The National Institute of Standards and Technology (NIST) issued a draft update on Tuesday to its Framework for Improving Critical Infrastructure Cybersecurity, aka the Cybersecurity Framework, aimed at forging stronger cybersecurity measures.
To assist organizations in reducing cybersecurity risk, NIST, a branch of the U.S. Department of Commerce which provides measurement standards, offered up a new draft to evolve its voluntary guidance on "managing cyber supply chain risks, clarifying key terms, and introducing measurement methods for cybersecurity."
First issued in 2014, at the behest of an executive order, the Cybersecurity Framework's original intention was to develop a collaborative process – involving industry, academia and government agencies – to develop a voluntary framework to "help organizations manage cybersecurity risk in the nation's critical infrastructure, such as bridges and the electric power grid." Since then, the guidance has evolved and been adapted more broadly.
NIST claimed that the latest draft, Framework for Improving Critical Infrastructure Cybersecurity Version 1.1, includes comments and suggestions from 2015 requests for comment as well as from attendees of a Cybersecurity Framework Workshop 2016.

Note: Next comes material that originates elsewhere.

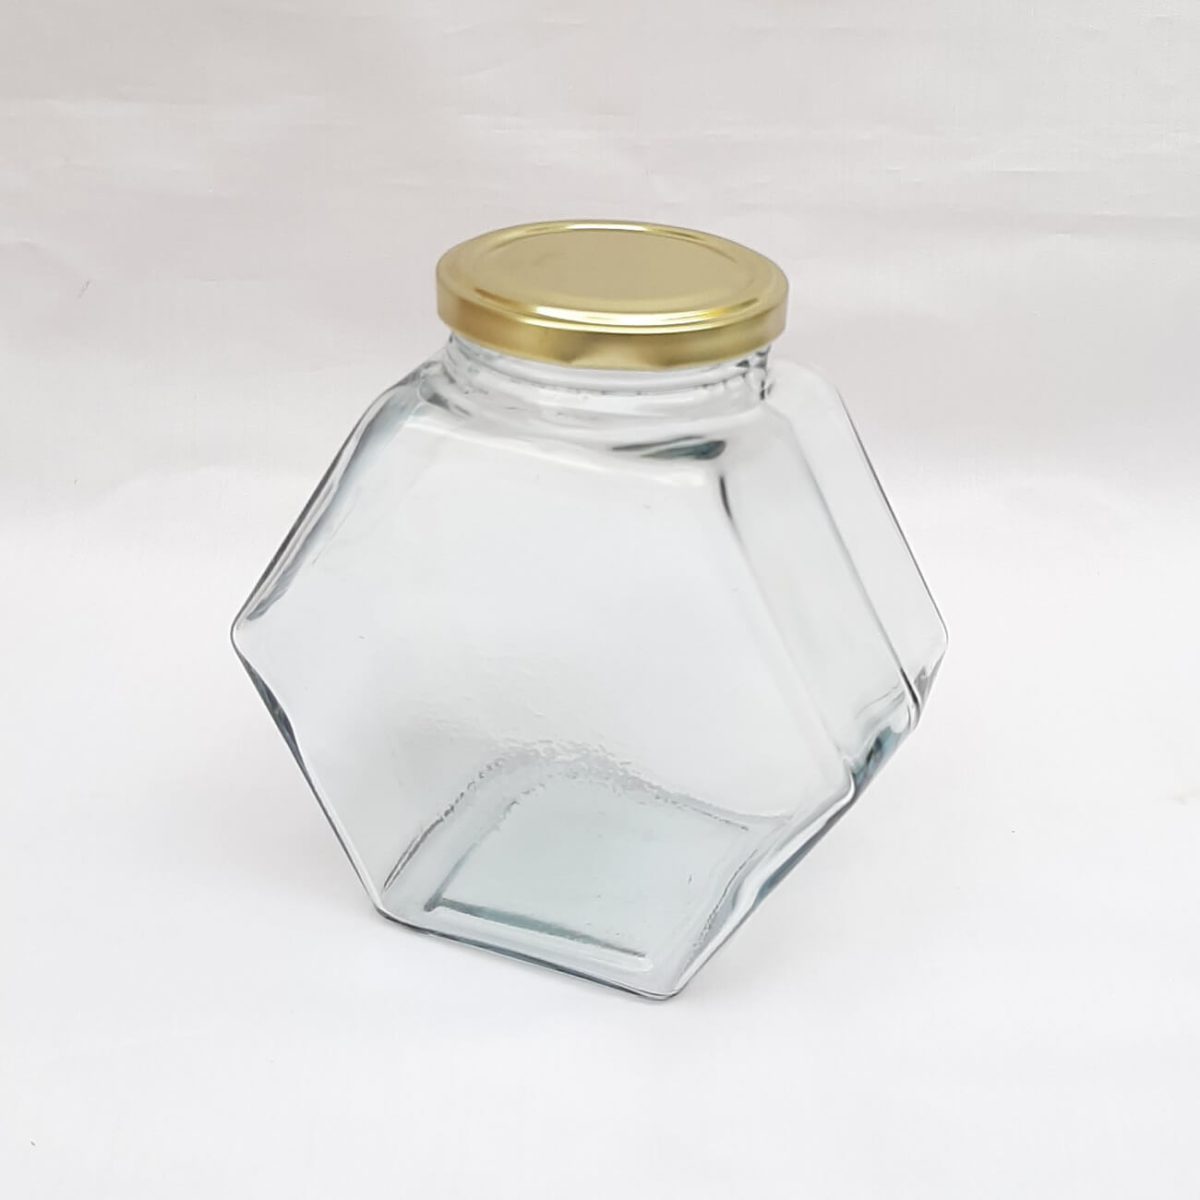 جار شیشه عسل یک کیلو کندو درب فلری

"The national and economic security of the United States depends on the reliable functioning of critical infrastructure," the draft explained. "Cybersecurity threats exploit the increased complexity and connectivity of critical infrastructure systems, placing the Nation's security, economy, and public safety and health at risk."
The new update to the Framework empowers organizations – large and small, regardless of degree of cybersecurity – to use the risk management guidance to strengthen the security and defense of critical infrastructure.
“We wrote this update to refine and enhance the original document and to make it easier to use,” said Matt Barrett, NIST's program manager for the Cybersecurity Framework. “This update is fully compatible with the original framework, and the framework remains voluntary and flexible to adaptation.”
One feature of the latest draft includes the creation of standardized terms so chain risk management collaborators can more easily coordinate cybersecurity efforts. The goal, NIST stated, was for small businesses to more efficiently choose cloud service providers and for a federal agency partnering with a system integrator to implement an IT system.
“In the update we introduce the notion of cybersecurity measurement to get the conversation started,” Barrett said. “Measurements will be critical to ensure that cybersecurity receives proper consideration in a larger enterprise risk management discussion,” he added.
Use of the Cybersecurity Framework is voluntary, Barrett told SC Media on Wednesday. "It is vital that organizations use a cybersecurity risk management approach that a) addresses a comprehensive breadth of cybersecurity concerns, b) balances cybersecurity operations with incident preparation activities, and c) seamlessly integrates with enterprise risk decisions which are broader than just cybersecurity."
The Cybersecurity Framework, he adds, meets all of these criteria, therefore it is recommended for consideration and use.
NIST said its Framework is a living document and further enhancements will continuously be amended.
The deadline to send comments is April 10. Comments should be sent to [email protected]. As well, an official said NIST will hold a public workshop following the comment period.
Depending on the volume of public comment, Barrett told SC that the next proposed update for the Cybersecurity Framework should be published in Fall 2017.